Let’s be frank, at this time of year gardens are not terribly exciting or photogenic, but having documented our work through the summer I want to keep track of what we are doing even as we enter into autumn and the season of bare beds and dormant growth.

In September we cleared out the spent summer crops from our window boxes and pots and started thinking ahead to winter growing. Although I’m not an experienced vegetable grower, Theo is so enthusiastic about growing food to eat that I want to try and keep up the momentum. So out went the beans and in came some seeds for early-producing peas and Lambs Lettuce, along with some seedlings for brocolli


The Lambs Lettuce has gone in our window boxes (which in case you missed it, we use because they are high enough to be rabbit proof!) under some plastic covers which I found in the depths of the shed. The first tentative growth has just started to poke its head above the soil, 10 days after we planted them.

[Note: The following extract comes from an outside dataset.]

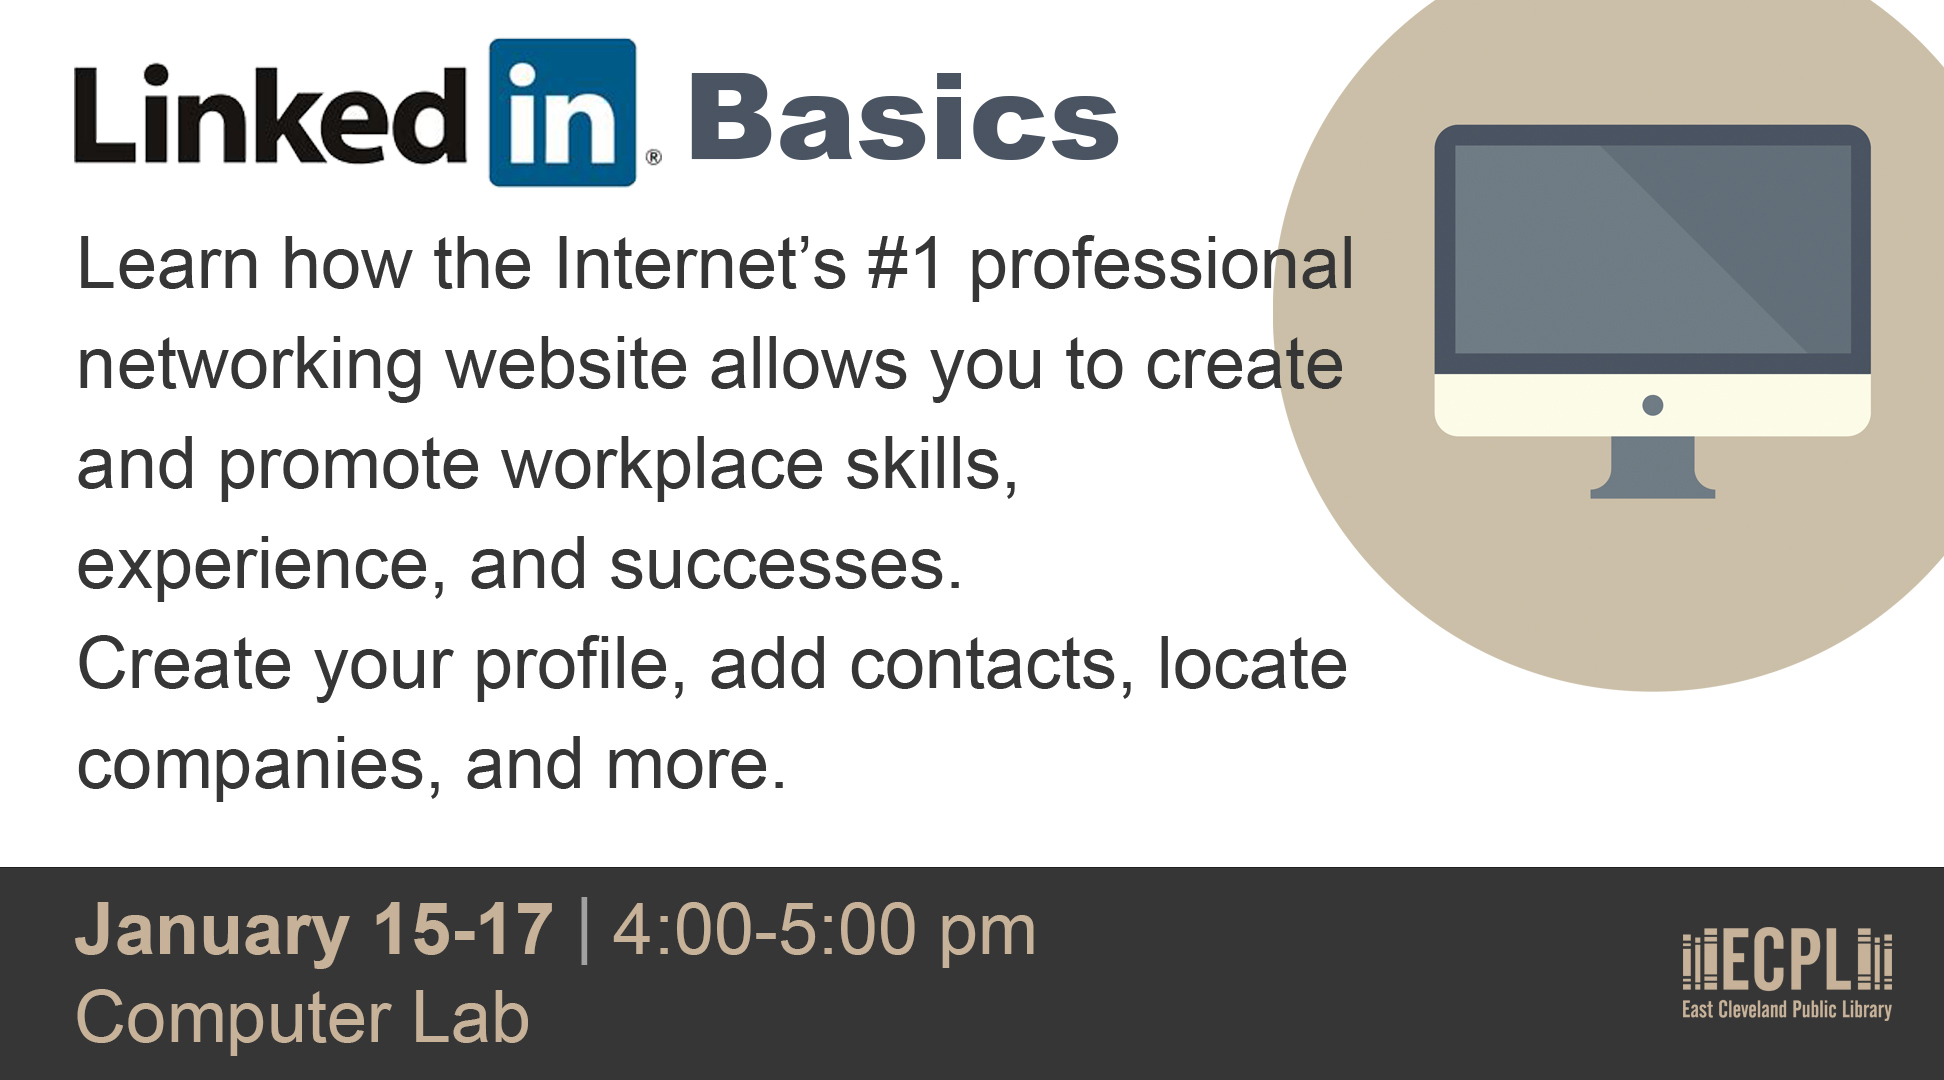 LinkedIn Basics
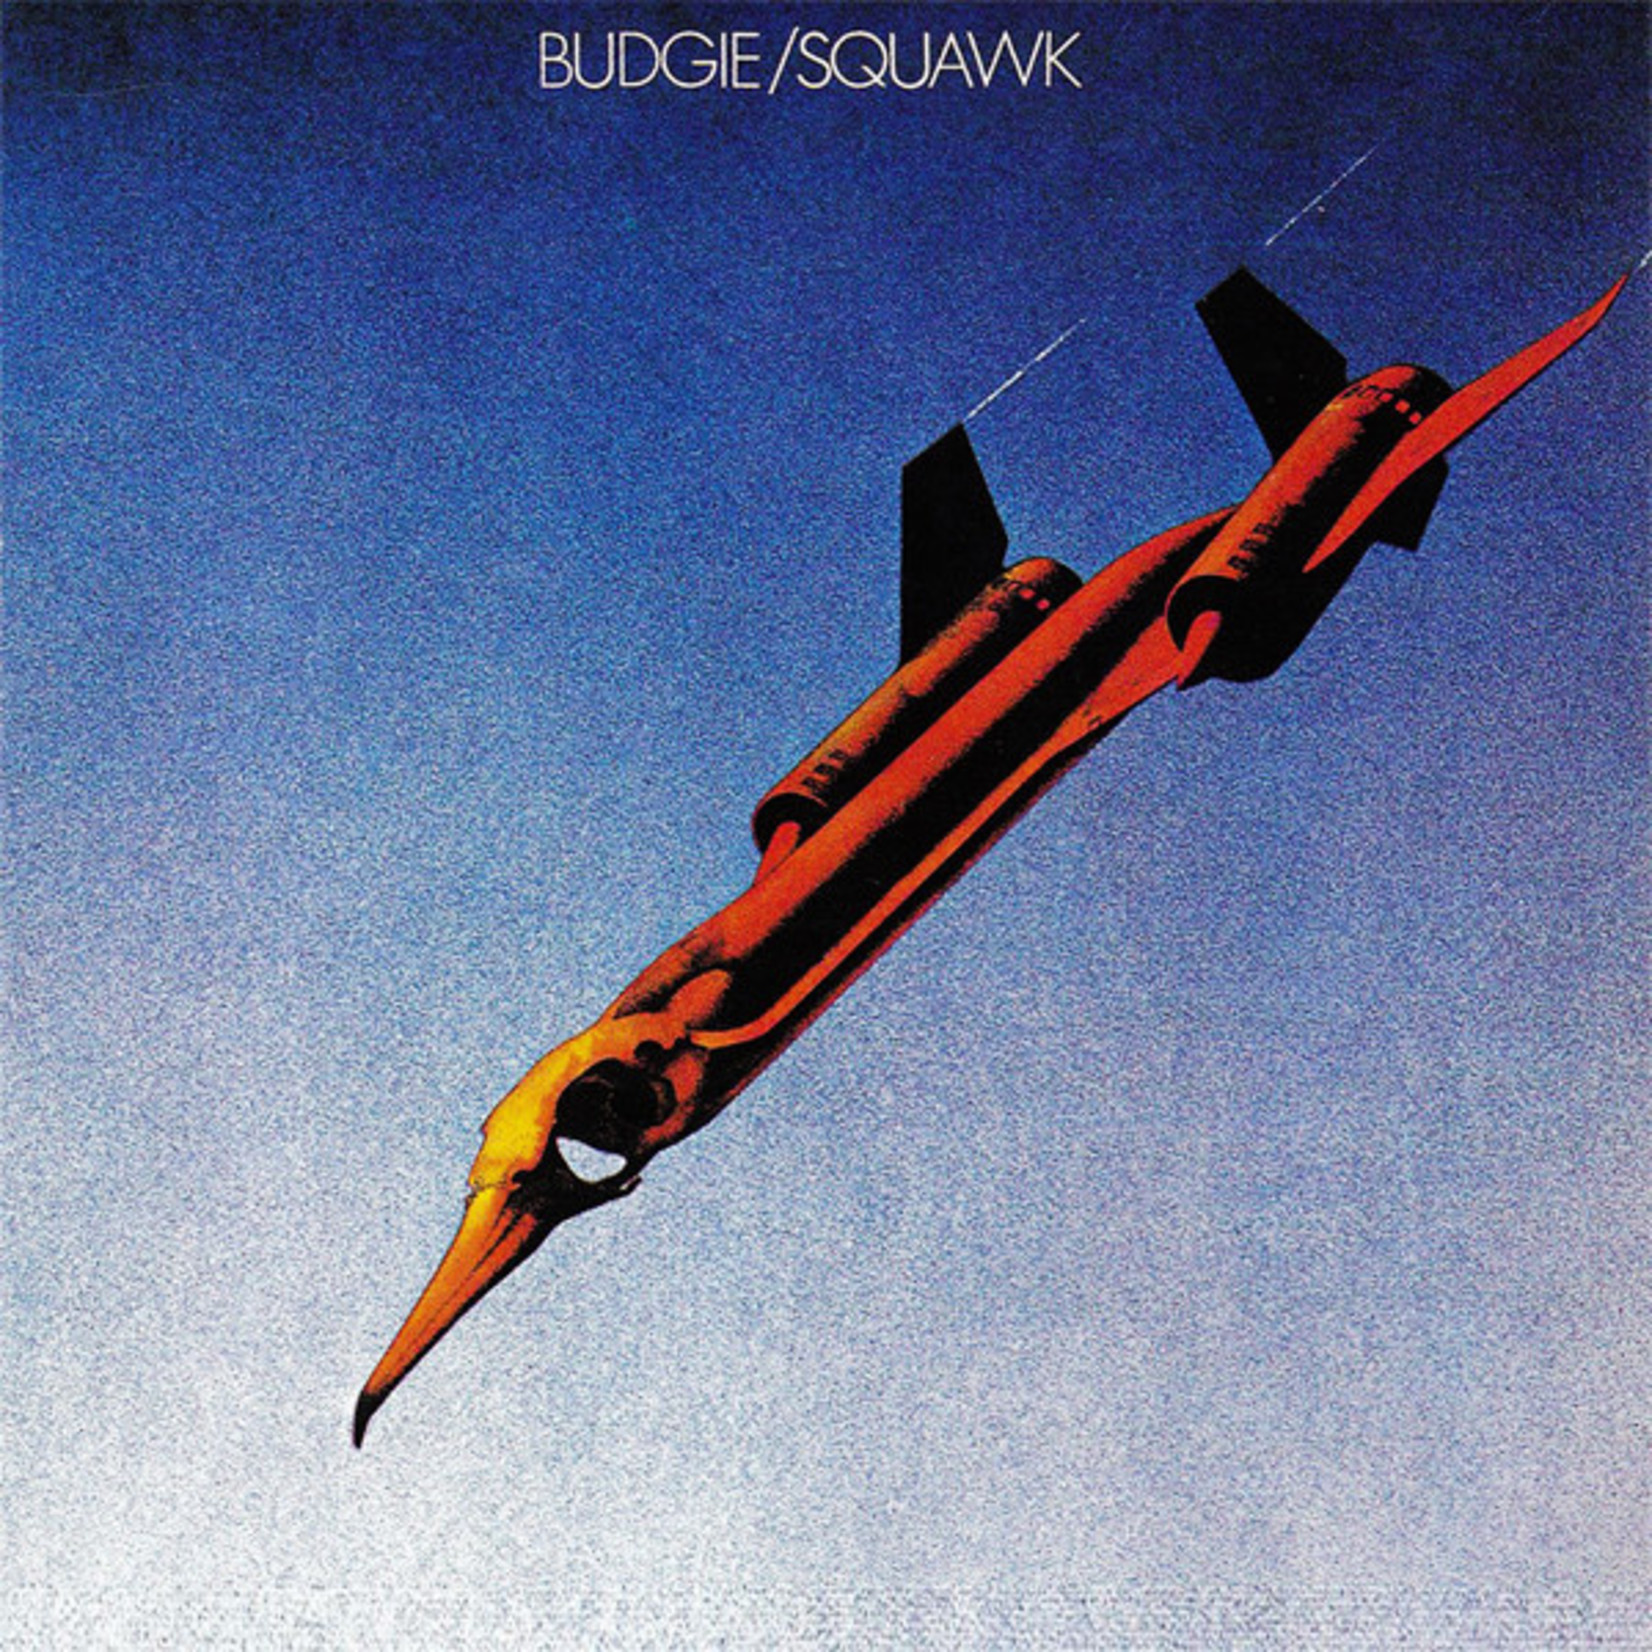 Vinyl Budgie - Squawk

Our pea seeds have been planted under plastic bottle cloches and haven’t done anything yet, although we aren’t expecting to be able to eat them till about March…


On our last garden centre trip, Theo also spotted some brocolli seedlings which apparently will be good to eat in 5 weeks. We are about 10 days in and they look almost exactly the same as when we brought them home, so although Theo is enthusiastically counting down till when he can eat them, I’m not feeling terribly hopeful.


One summer crop which has taken its time to produce, but I think is just about ready finally are our snack cucumbers. Another Theo spot, these are teeny tiny cucumbers which you are supposed to eat whole. Having not grown them before I really have no idea quite how small they are supposed to be when you harvest them, but this is them today…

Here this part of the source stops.